Hal ini sejalan dengan komitmen Presiden Prabowo untuk menjunjung tinggi hak asasi manusia dan demokrasi, yang tercantum dalam Asta Cita.
Sugiat, yang merupakan politisi Partai Gerindra, mengaku rencana Kementerian Hukum yang akan menyampaikan ke pimpinan DPR RI untuk memberikan amnesti kepada 44 ribu narapidana itu penting. Namun, kebijakan tersebut harus memiliki prioritas jelas.
Ia menegaskan bahwa kebijakan ini jangan hanya menyasar narapidana umum atau pecandu narkoba, tetapi harus mempertimbangkan kepentingan politik nasional. Memberikan grasi kepada tahanan politik akan menunjukkan kepedulian Presiden Prabowo terhadap penegakan HAM, baik di dalam negeri maupun di tingkat internasional.
"Amnesti, abolisi maupun grasi kepada tahanan politik yang masih menggantung, belum SP3, seperti kepada tokoh politik nasional antara lain, Mayjen Purn Kivlan Zen, Alm. Rachmawati Soekarnoputri, Hatta Taliwang dan Jumhur Hidayat perlu segera didalami. Begitu juga pada kasus-kasus lainnya, termasuk pada isu separatisme Papua," imbuhnya.

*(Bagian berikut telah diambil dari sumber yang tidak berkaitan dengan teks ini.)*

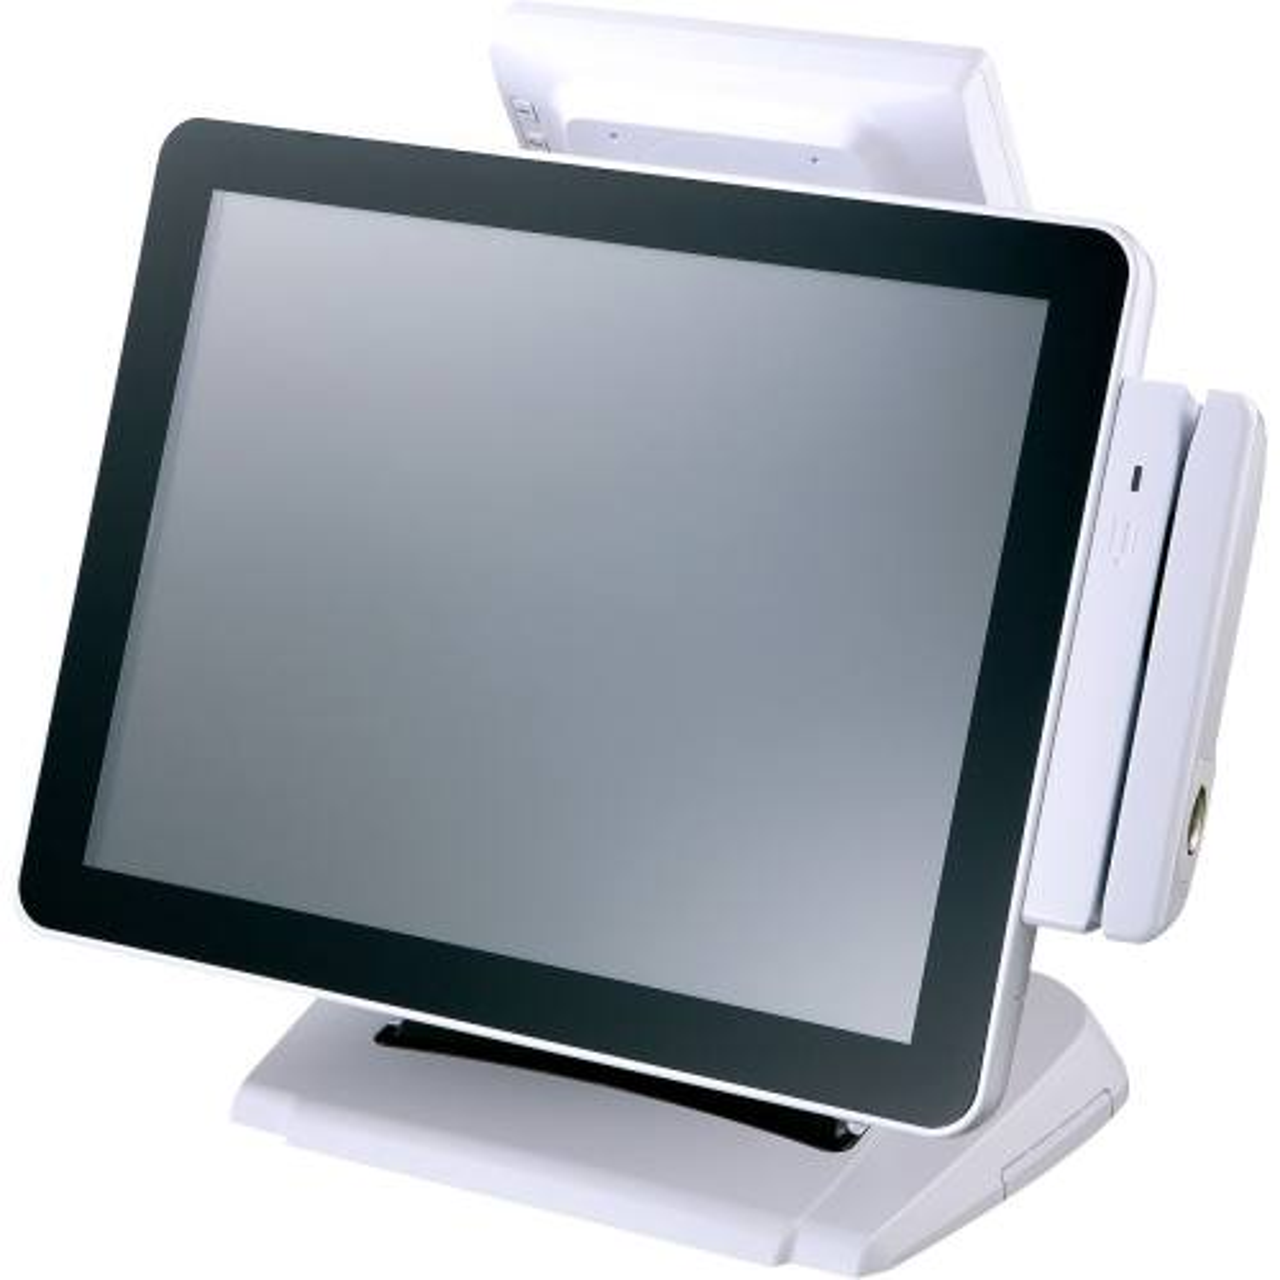 صندوق فروشگاهی POS لمسی سم فور اس مدل SPT-4800

Kepada Kementerian Hukum dan HAM, pihaknya meminta untuk mengantisipasi dampak dari kebijakan amnesti ini agar dapat menjadi langkah positif dalam penegakan HAM di Indonesia. Ia berharap langkah ini menjadi pemicu bagi pemerintah untuk memperkuat posisi Indonesia sebagai negara yang menjunjung tinggi hak asasi manusia.